# Thread: Need Help Solving A Problem

1. ## Need Help Solving A Problem

The time it takes Eric to drive to Marta's place varies inversely with his driving rate. When he drives at 30 mph, it takes him 45 minutes. If he makes the drive in half an hour, how fast is he going?

2. Originally Posted by dperks91
The time it takes Eric to drive to Marta's place varies inversely with his driving rate. When he drives at 30 mph, it takes him 45 minutes. If he makes the drive in half an hour, how fast is he going?
Hi dperks91,

if there is an inverse relationship,

then their product is a constant.

$av. speed=\frac{distance}{time}$

As distance is constant here since he travels the same journey in both instances

$(av. speed)(time)=distance$

$30\frac{45}{60}=distance$

if one is 30, the other is 45,

hence if he takes 30 minutes, the speed must be 45 km/hr

$45\frac{30}{60}=distance$

Alternatively, an inverse relationship may be written

$s=\frac{k}{t}$

$st=k$

$k=30(45)=1350$

$s=\frac{1350}{30}=45$

Yet another way is...

He travels for 45 minutes at 30km/hr
45 minutes is 3/4 of an hour

The distance travelled is $\frac{3}{4}30=\frac{90}{4}$ km

In 30 minutes, which is half an hour, he travels that distance.

He would have travelled twice that distance in 1 hour.

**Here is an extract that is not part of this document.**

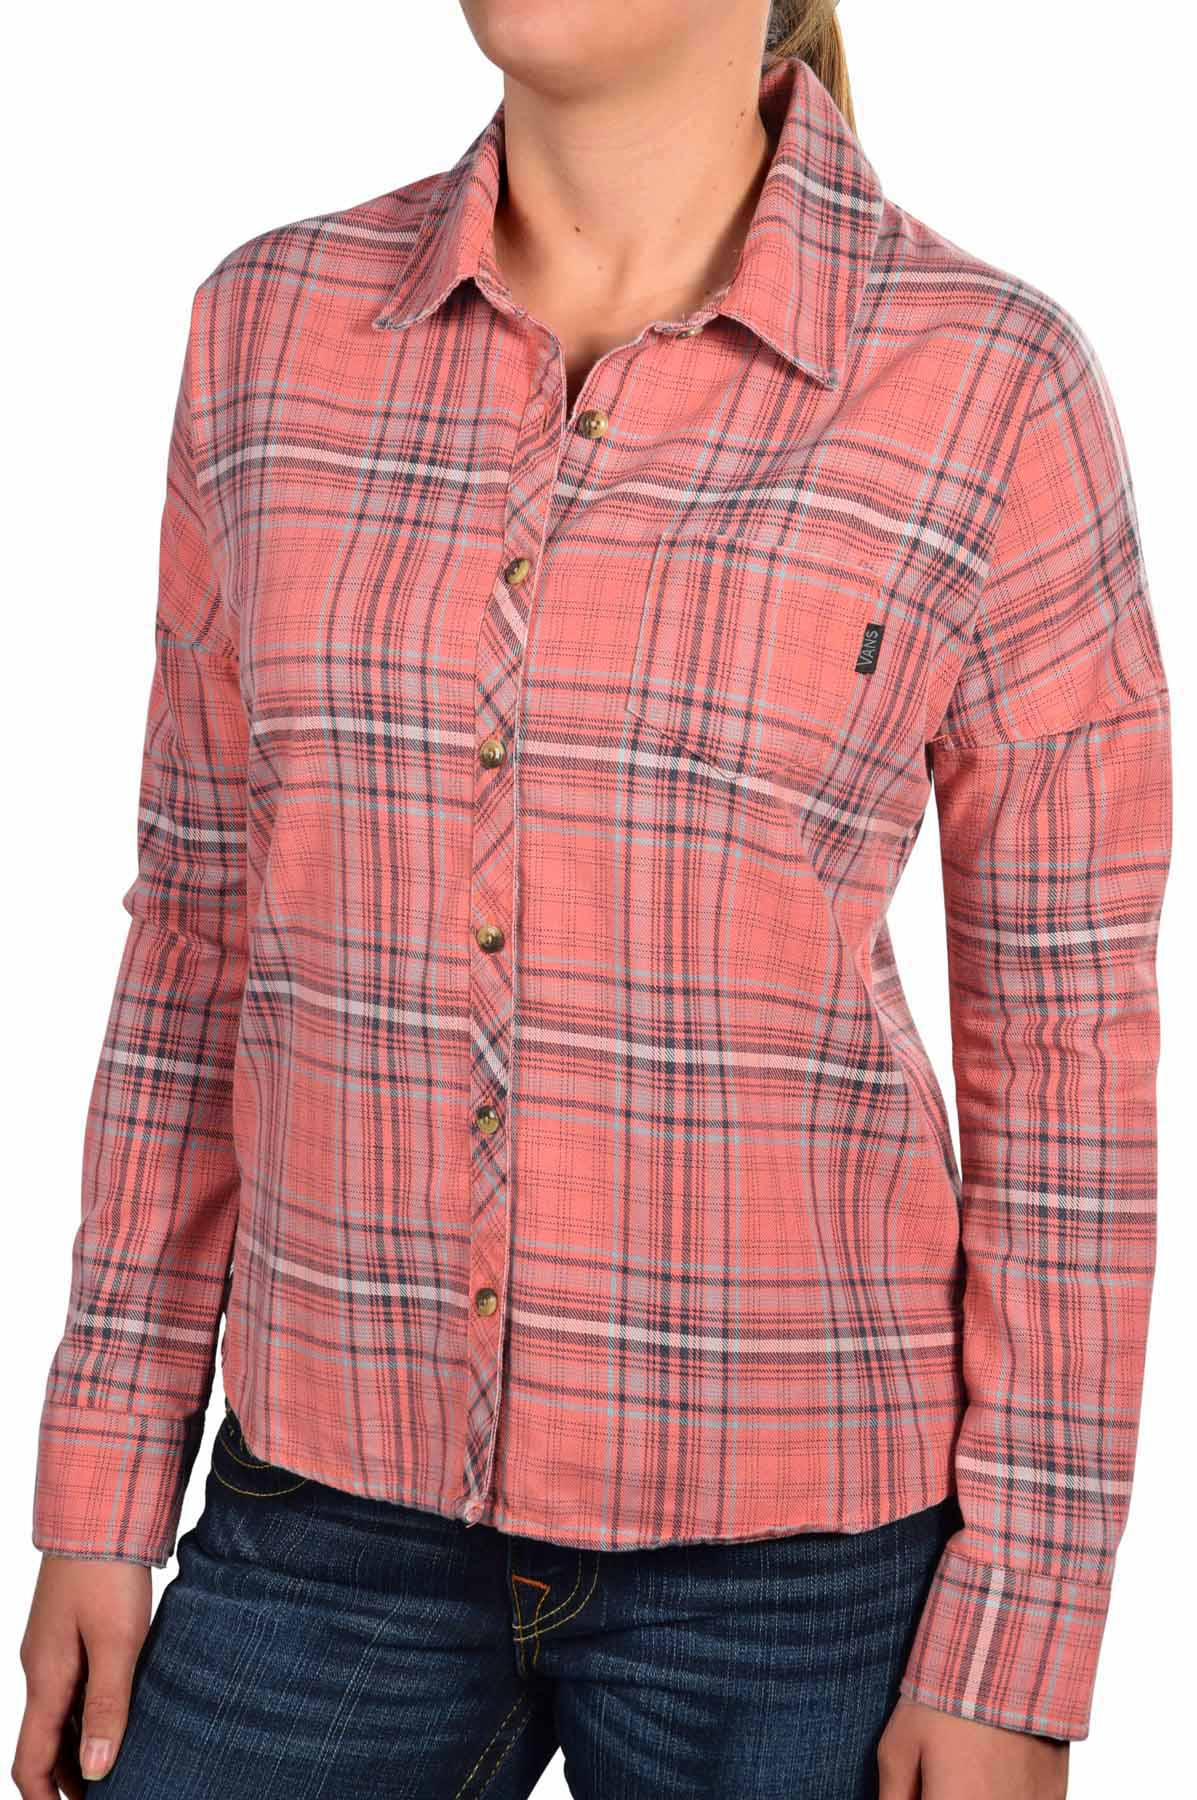 Vans Women 39 S Pledge Plaid Long Sleeve Button Down Shirt

That's a speed of $\frac{90}{2}$ km/hr, hence his speed is 45 km/hr

3. Originally Posted by dperks91
The time it takes Eric to drive to Marta's place varies inversely with his driving rate. When he drives at 30 mph, it takes him 45 minutes. If he makes the drive in half an hour, how fast is he going?
Hi dperks91

Here's another approach.

Time varies inversely as rate: $t=\frac{k}{r}$

$.75=\frac{k}{30}$

$k=22.5$

This is your constant of variation. Apply this to the new situation.

$.5=\frac{22.5}{r}$

$r=45$

Just be sure your time is written in hours since speed is in miles per hour.